Et à mes yeux, la responsabilité relationnelle est une clé essentielle dans toute démarche personnelle, peu importe l’objectif.
Qu’est-ce qu’une personne responsable ? C’est une personne qui accepte qu’elle soit la source de :
- Tout ce qu’elle vit,
- Tout ce qu’elle dit,
- Tout ce qu’elle fait,
- Tout ce qu’elle choisit,
- Et aussi de la manière dont elle répond à ce qui lui arrive.
Elle en assume les conséquences. Autrement dit, c’est une personne capable de reprendre le pouvoir sur sa vie en cherchant en elle-même la source de ses malaises afin de se transformer sans se blâmer… et sans blâmer l’autre. Elle ne cherche pas à prendre le pouvoir sur l’autre en essayant constamment de le ou la changer.
La responsabilisation relationnelle consiste à dire : Je suis responsable de mes émotions, de mes besoins et de mes réactions.
Je ne suis pas responsable des émotions de l’autre.

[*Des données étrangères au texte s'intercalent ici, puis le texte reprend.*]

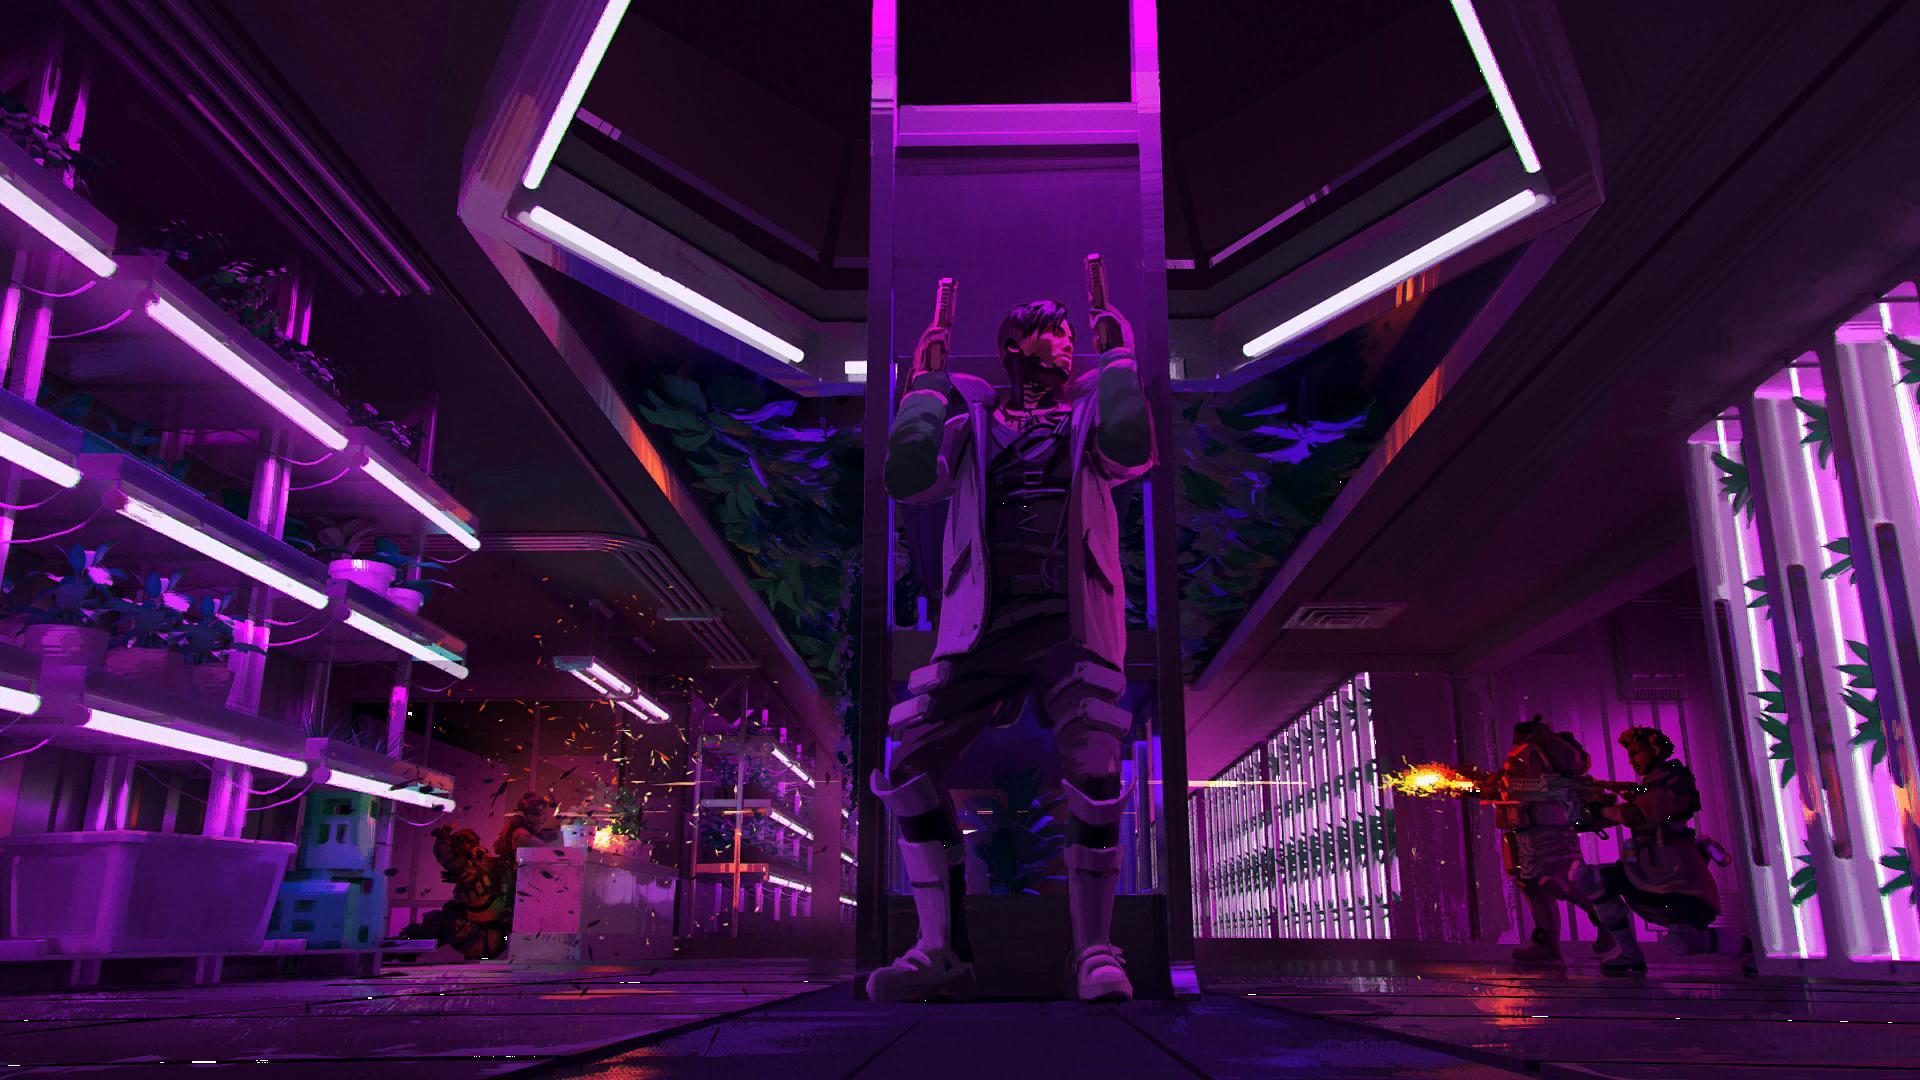 シーズン3で追加された全てのロードスクリーンの高画質画像まとめ エーペックスレジェンズ攻略速報まとめ エペ速

Et l’autre n’est pas responsable des miennes.
Cela rejoint la Communication Non Violente de Marshall Rosenberg et aussi ce que nous avons vu dans le cours Vivre en Relation : «L’autre peut être le déclencheur de mes émotions, mais il n’en est pas la cause».
Voici un petit exemple concret :
Au lieu de dire : « Tu me rends triste quand tu fais ça. »
On peut dire :« Quand tu fais ça, je me sens triste parce que j’ai besoin de considération. »
Ainsi je quitte l’accusation… j'entre dans la conscience.
ATTENTION : La responsabilisation relationnelle ce n’est pas de
- Se culpabiliser.
- Tout accepter.
- Tolérer l’inacceptable.
- Devenir le sauveur, le chevalier blanc…
- Ou devenir la sauveuse, la princesse blanche.
Elle implique aussi de
- Nommer ses limites.
- Reconnaître lorsqu’une relation n’est pas saine.
- Apprendre à dire non.
C’est reprendre le pouvoir sur sa vie, sans chercher à contrôler celle de l’autre.
C’est passer de l’ego blessé… à l’adulte intérieur conscient.
À suivre….
Question de clôture : Et toi… Dans tes relations, prends-tu le temps de revenir à toi avant de pointer l’autre?
Pensée : Parfois, la maturité dans la communication ou l’écriture… c’est justement de ne pas ajouter.